- Born: 31 October 1967 (age 57) Munich, West Germany
- Instrument(s): Percussion, marimba
- Website: www.magic-drums.com

= Babette Haag =

German percussionist

Babette Haag (born 31 October 1967) is a German percussionist, who specialises in Marimba playing.

==Early life and education==
Haag was born in Munich in 1967. Her parents were both professional musicians. Her mother is the harpist Gudrun Haag (née Diel) and her father is Wolfgang Haag, who played the flute for the Bavarian State Opera. She began to learn the piano when she was six and she came to notice when awards for playing piano duets with Natasha Schmidt. Haag gained a first prize with distinction for her rendering of Lutoslawski's Paganini Variations and Sergei Rachmaninoff's Suite for Two Pianos.

Haag says that her change of direction came about when she heard Peter Sadlo who was the percussion prize winner of the ARD Competition when she was seventeen. His performance persuaded her to specialise in percussion instruments. So after she enrolled at Munich's Pestalozzi–Gymnasium in 1987, she decided the following year to study classic percussion and timpani at the Musikhochschule Freiburg with Bernhard Wulff. Wulff is not only a composer and musicologist, but he is also a percussionist who organizes concerts.
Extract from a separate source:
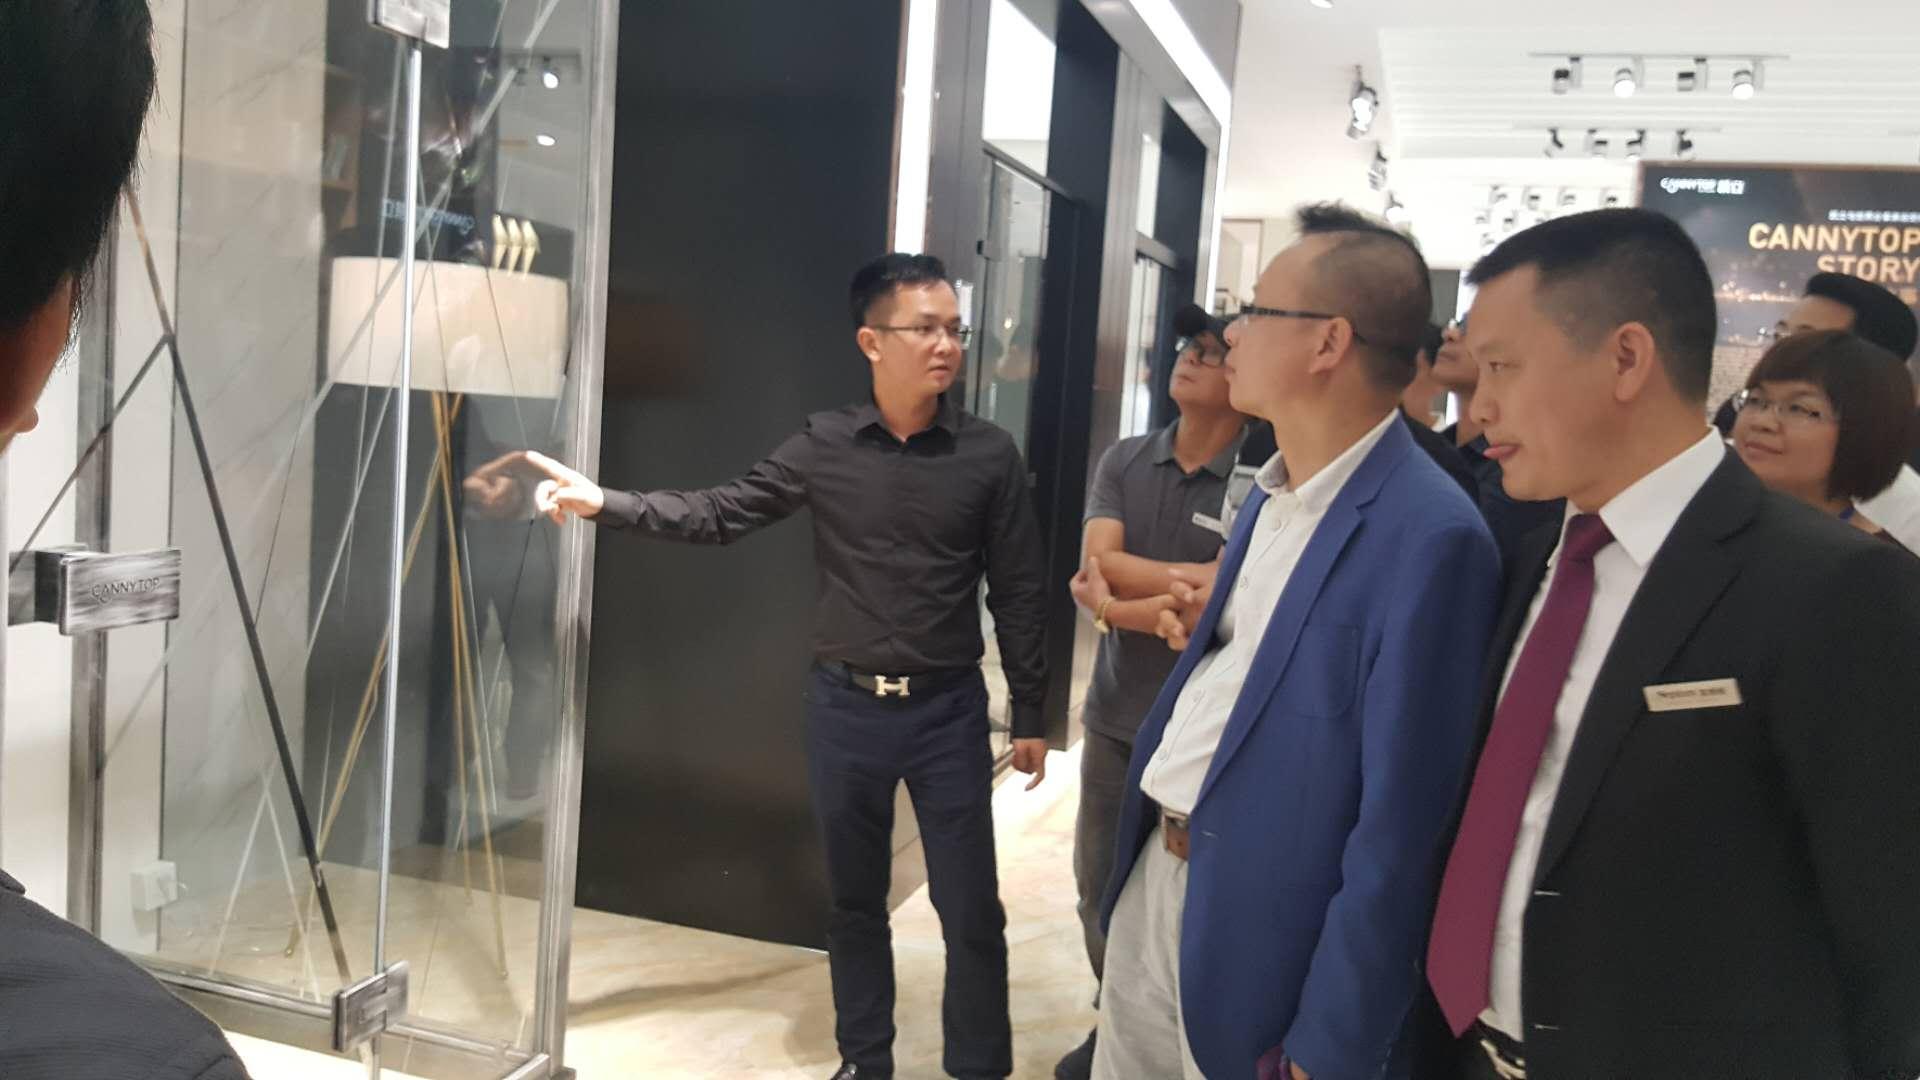 CANNYTOP凯立淋浴房2018上海国际厨卫展完美落幕

Haag competed in Deutscher Musikrat in 1991 and this gave her prize-winning entry to the 36th National Selection of "Concerts of Young People" the following season. Haag was at the Musikhochschule Freiburg until 1994.

==Concert career==
Haag has performed in a large number of percussion recitals, concertos for marimba or percussion and orchestra. She made over 40 performances of her skills throughout Germany whilst she was still studying. She performed with the brothers and piano duet Anthony and Joseph Paratore and the Russian Alexei Lubimov. She has also appeared with the Symphony Orchestra of the Bayerischer Rundfunk, Württembergisches Kammerorchester Heilbronn, Dresdner Kapellsolisten. Frankfurter Museumsorchester, Philharmonie Thüringen, Musikcollegium Schaffhausen and the Polish Chamber Philharmonic Orchestra.
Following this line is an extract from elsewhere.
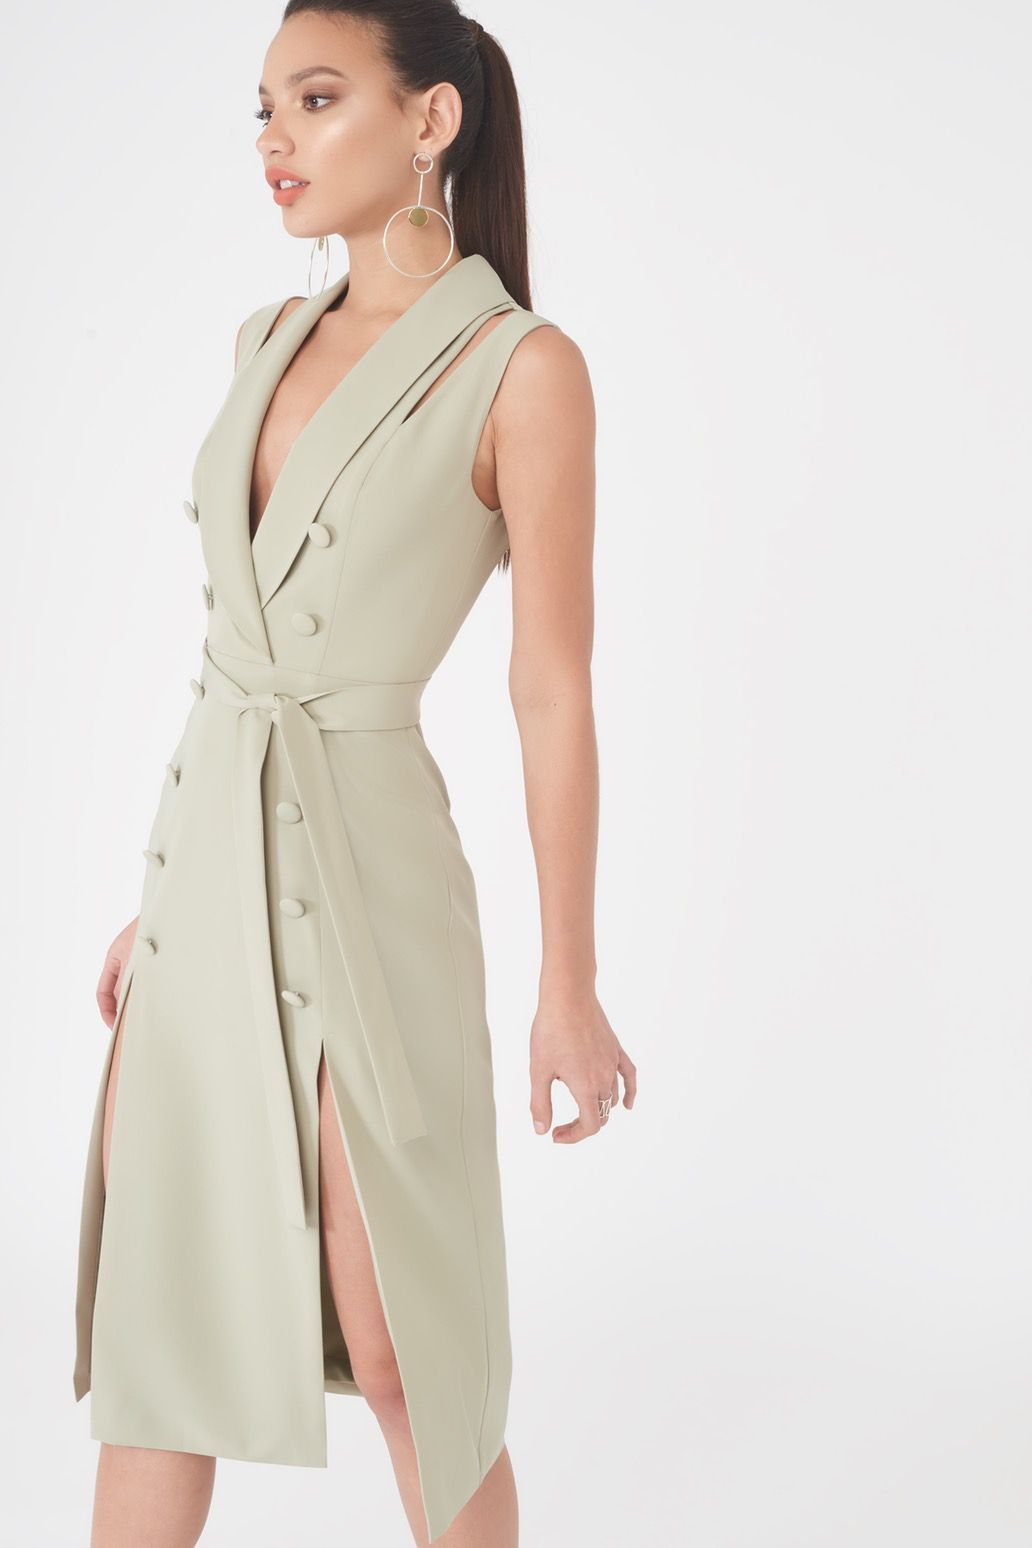 Image of Sleeveless Tuxedo Midi Dress with Double Split Skirt in Sage Green

Haag has also been a guest at international music festivals and as a result she has travelled to the Baltic states, Arabia, Sudan, and not only North but also central and South America. She played at venues including the Staatstheater Oldenburg and festivals such as the Rheingau Musik Festival, Schleswig-Holstein Musik Festival, Ludwigsburger Schloßfestspiele and the Berliner Festwochen. In the 1,000th concert of the Weilburger Schlosskonzerte, she was chosen to appear with the Bachchor Mainz, Anthony and Joseph Paratore and her own ensemble. They played Rhapsody in Blue, Bartók's Sonata for Two Pianos and Percussion, and Carmina Burana.
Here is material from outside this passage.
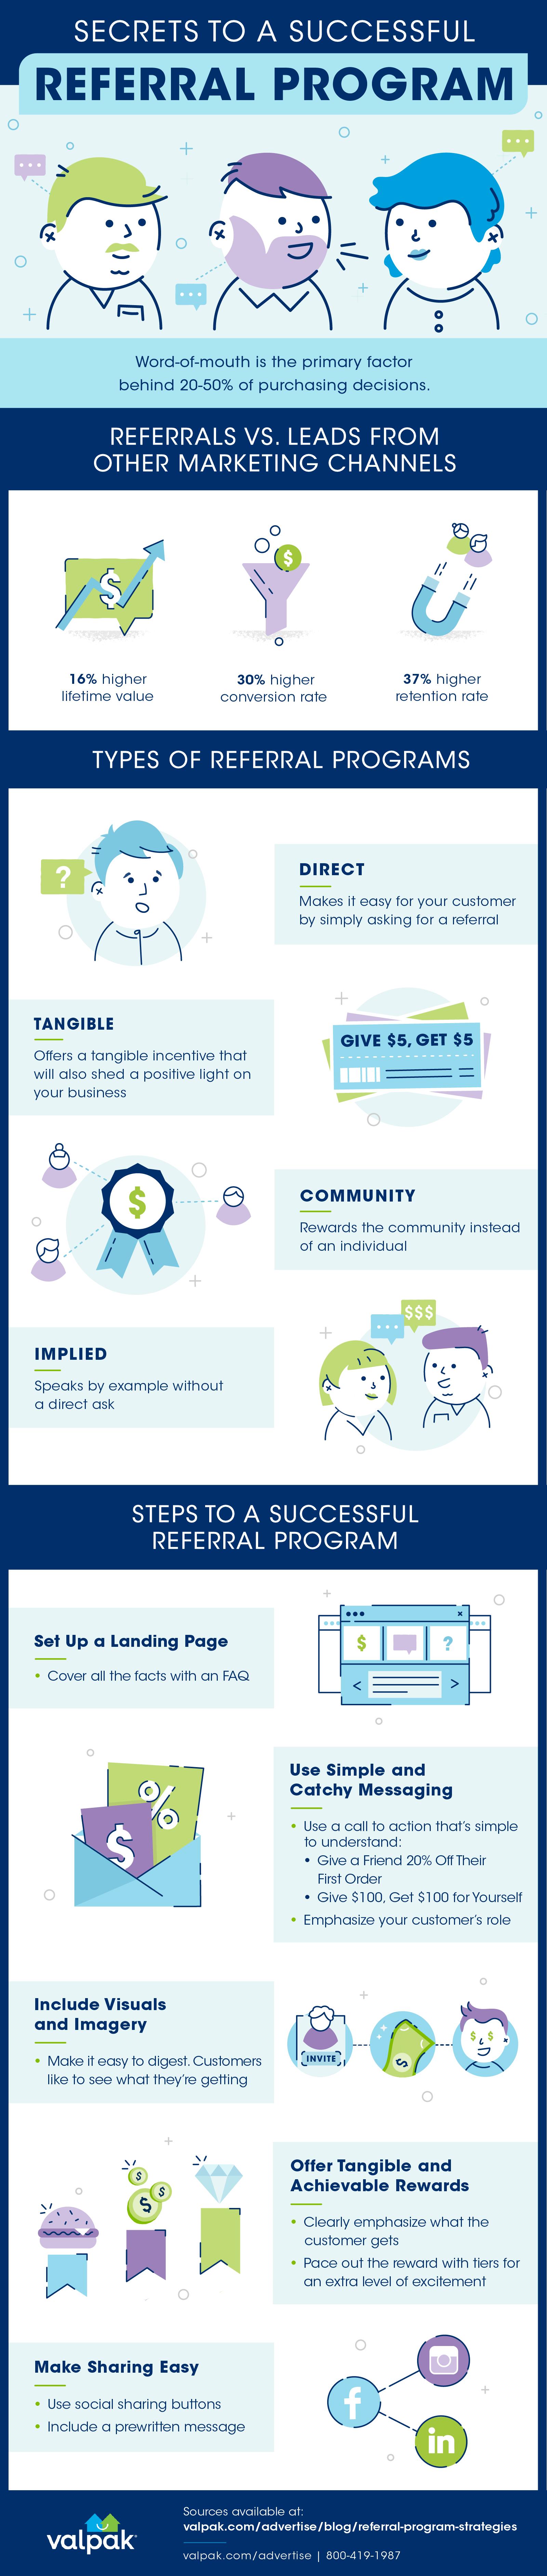 referral program strategies infographic

In 2004 she appeared without her ensemble in Latin America where her solo performances were broadcast on the TV and radio including the Sala São Paulo which has been considered the "most prestigious series of concerts in Brazil". The following year she performed in Saudi Arabia and the next year saw her playing in Sudan as well as on board the German ship MS Europa on a cruise around the UK. Haag has also taught at universities in São Paulo and the Rio de Janeiro. She also appeared or taught at the College of Music and Drama in Khartoum, the Braunschweig Classix Festival and the Dresden Music Academy.